= Requirement =
A verbatim copy of the full data, with no pictures, is the expected answer.

= Given information =
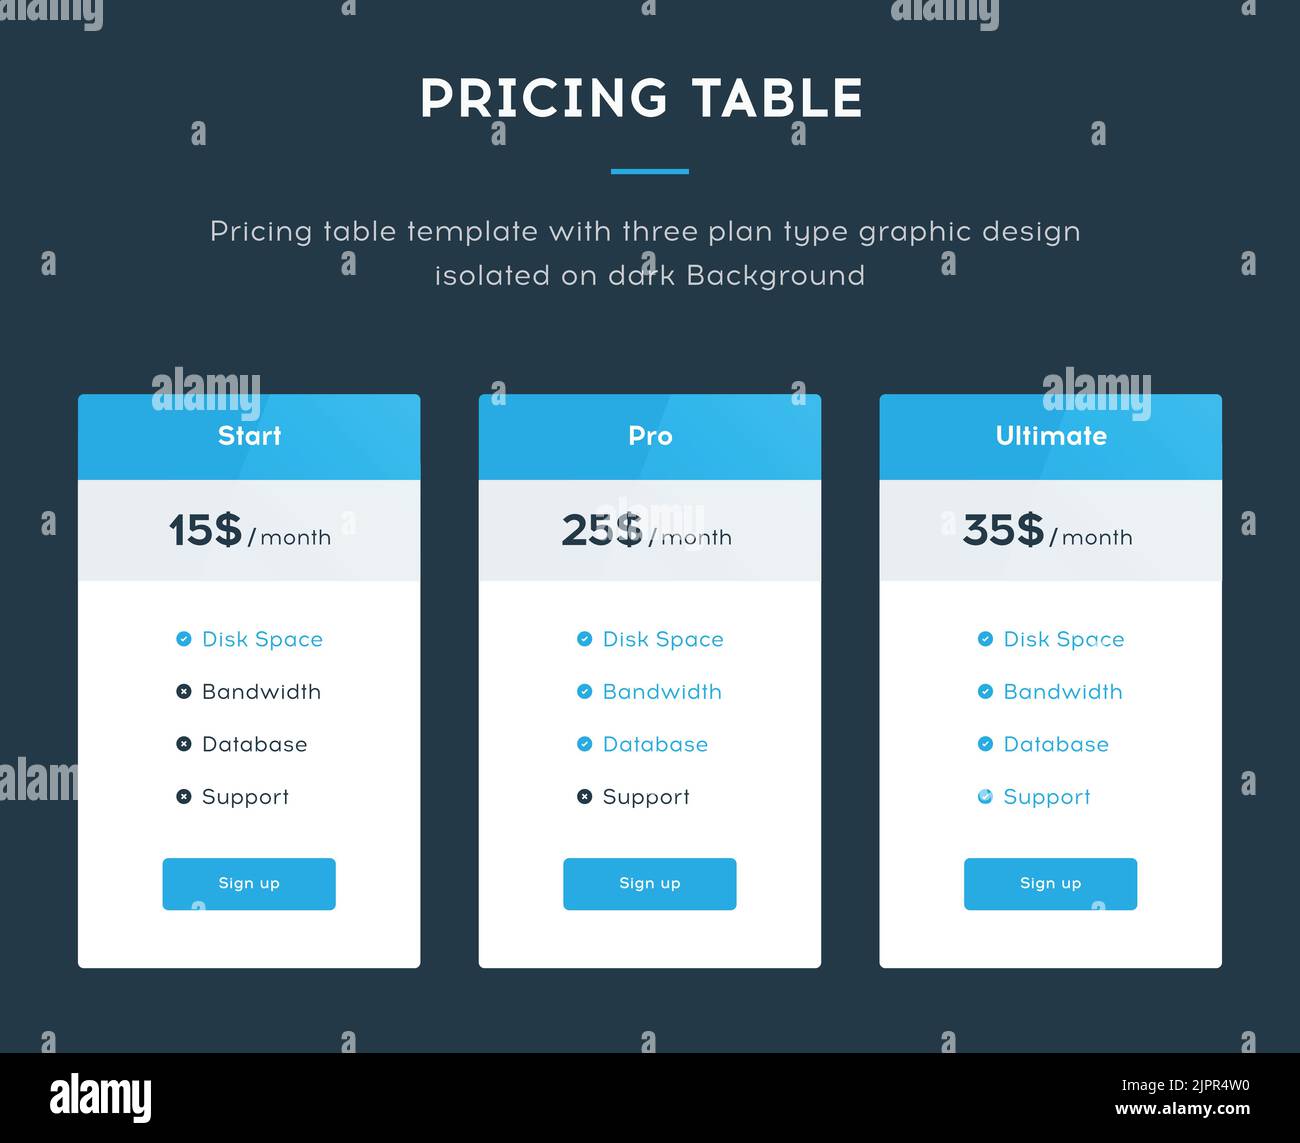 Modello di tabella dei prezzi con tre tipi di piano: Start, Pro e Ultimate. Modello di interfaccia del sito Web per il blocco dei prezzi. Isolato su sfondo scuro Illustrazione Vettoriale
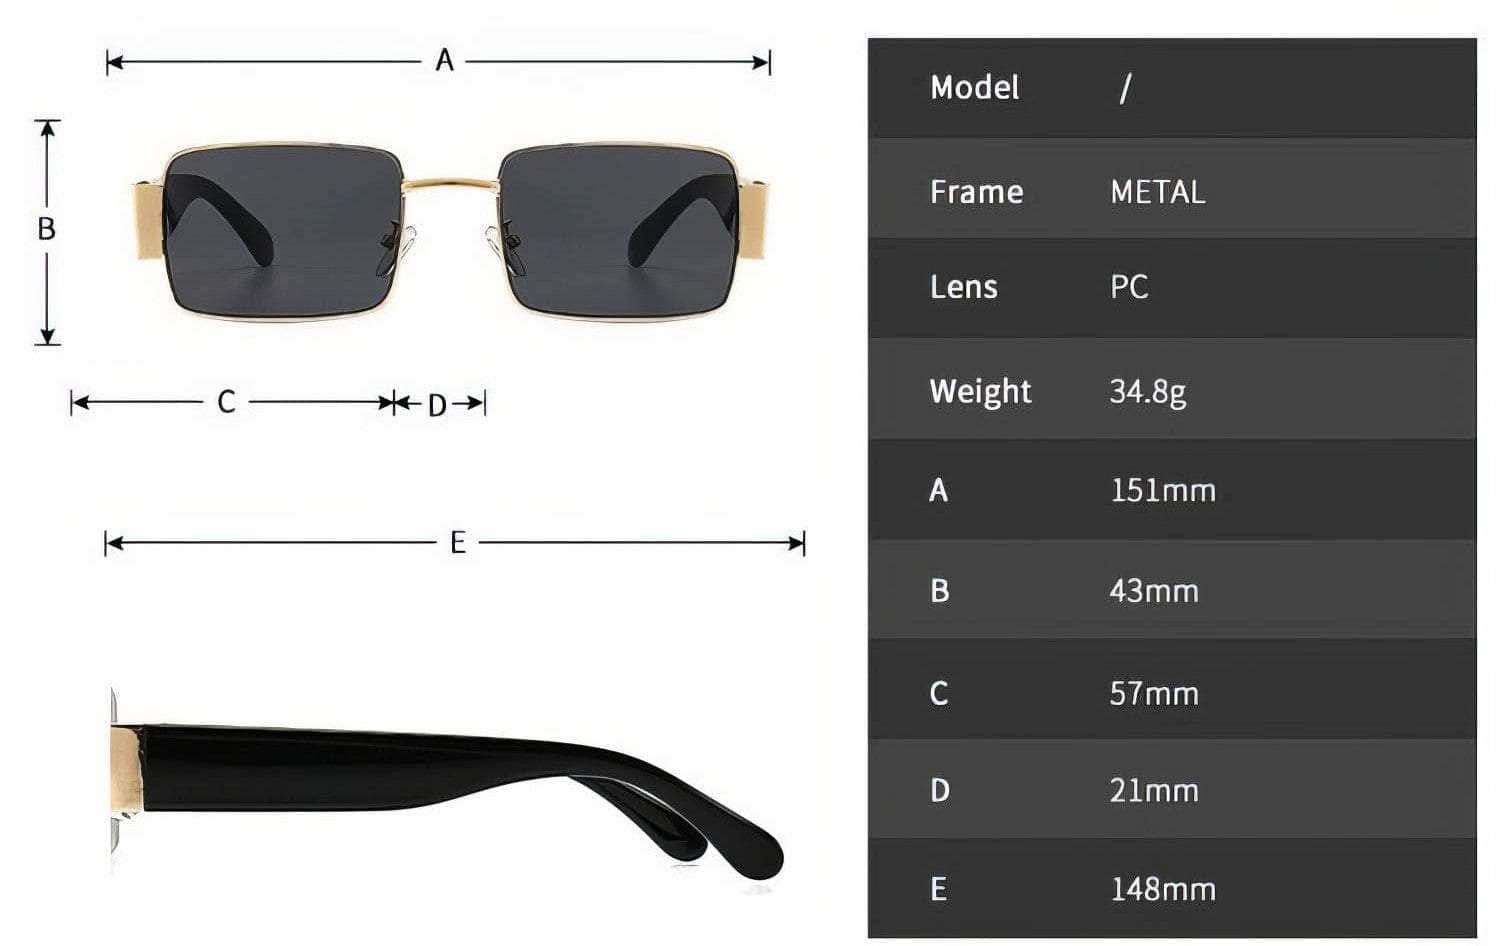 Big Square Transparent Sunglasses
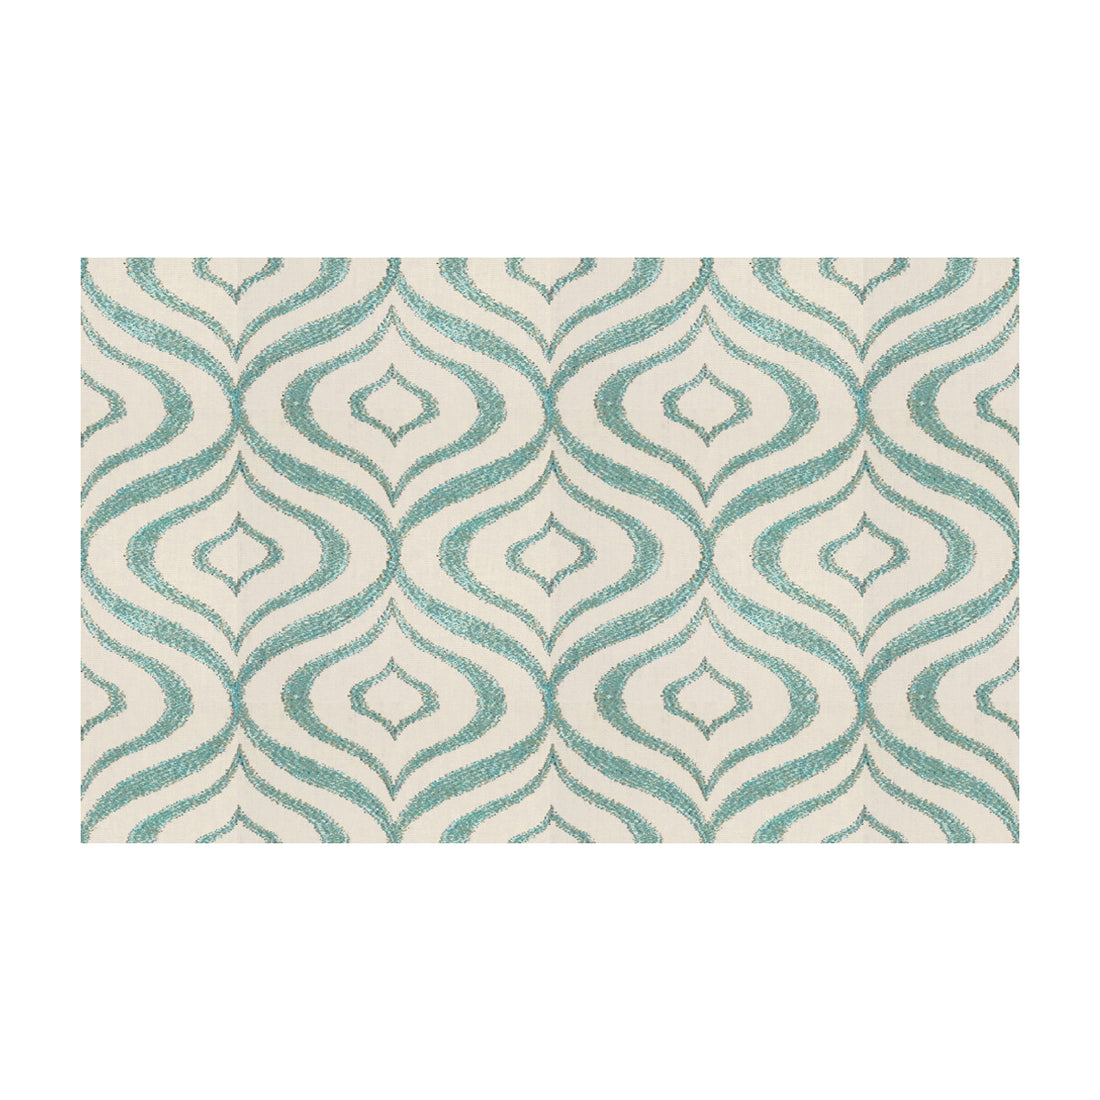 Kravet Design fabric in 33282-13 color - pattern 33282.13.0 - by Kravet Design in the Kravet Colors collection

= Answer for the task =
 Modello di tabella dei prezzi con tre tipi di piano: Start, Pro e Ultimate. Modello di interfaccia del sito Web per il blocco dei prezzi. Isolato su sfondo scuro Illustrazione Vettoriale
 Big Square Transparent Sunglasses
 Kravet Design fabric in 33282-13 color - pattern 33282.13.0 - by Kravet Design in the Kravet Colors collection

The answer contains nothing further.